Hamish Miller

Cricket information
- Batting: Right-handed
- Bowling: Right-arm medium-fast

Career statistics
| Competition | First-class | List A |
| Matches | 38 | 4 |
| Runs scored | 589 | 16 |
| Batting average | 11.54 | 8.00 |
| 100s/50s | 0/1 | 0/0 |
| Top score | 81 | 13* |
| Balls bowled | 5,296 | 240 |
| Wickets | 76 | 1 |
| Bowling average | 28.94 | 166.00 |
| 5 wickets in innings | 1 | 0 |
| 10 wickets in match | 0 | 0 |
| Best bowling | 7/48 | 1/31 |
| Catches/stumpings | 23/– | 1/– |
- Source: CricketArchive, 5 December 2022

= Hamish Miller =

South African cricketer (1941–1997)

Hamish David Sneddon Miller (June 26, 1941 – April 24, 1997) was a South African first-class cricketer who played for Western Province and Free State in South Africa and Glamorgan in English county cricket.

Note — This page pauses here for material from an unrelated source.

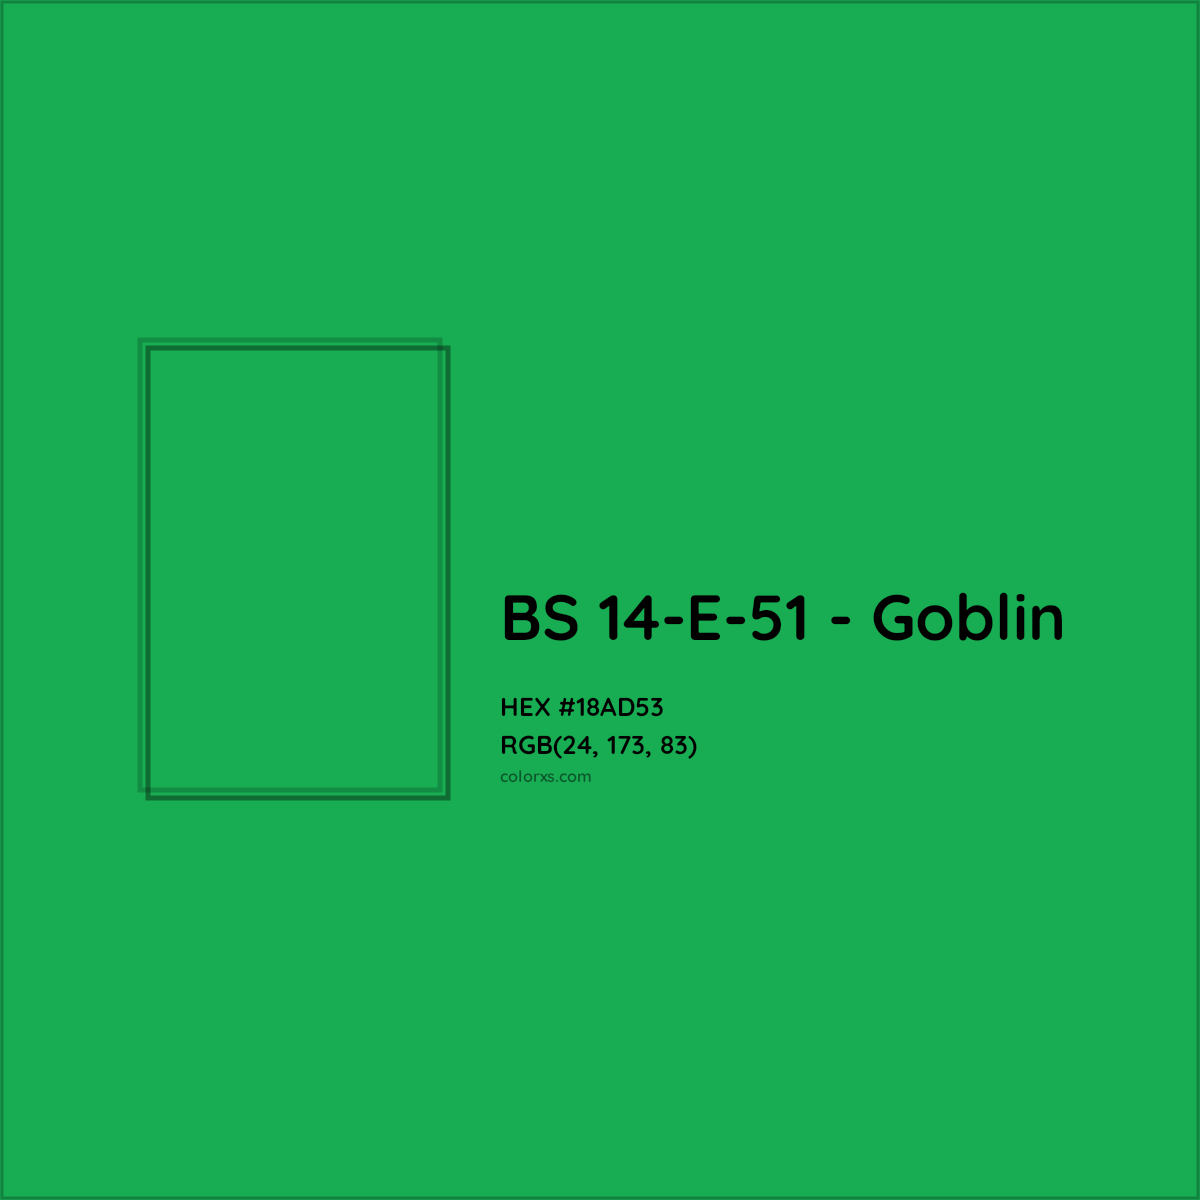 HEX #18AD53 BS 14-E-51 - Goblin CMS British Standard 4800 - Color Code
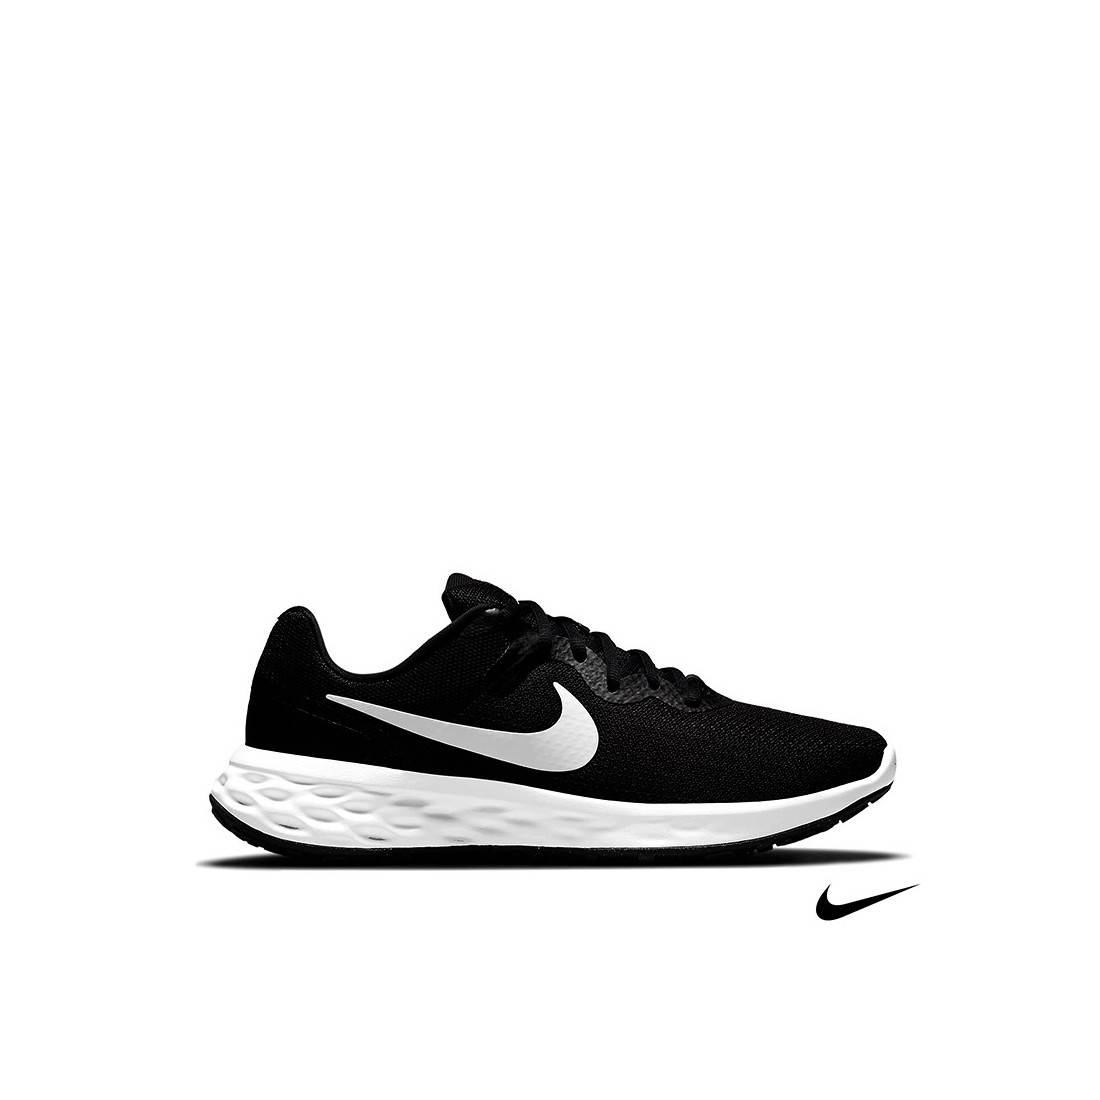 Nike Revolution NN color Negro y blanco

A University of Wales student, Miller's highest score of 81 came against Gloucestershire at Cheltenham in 1964 and his best bowling figures of 7/48 against Nottinghamshire at Trent Bridge, also in 1964. He finished his career in South Africa with Orange Free State.

In 1997 he died on a flight from Albuquerque to Salt Lake City in the United States of America.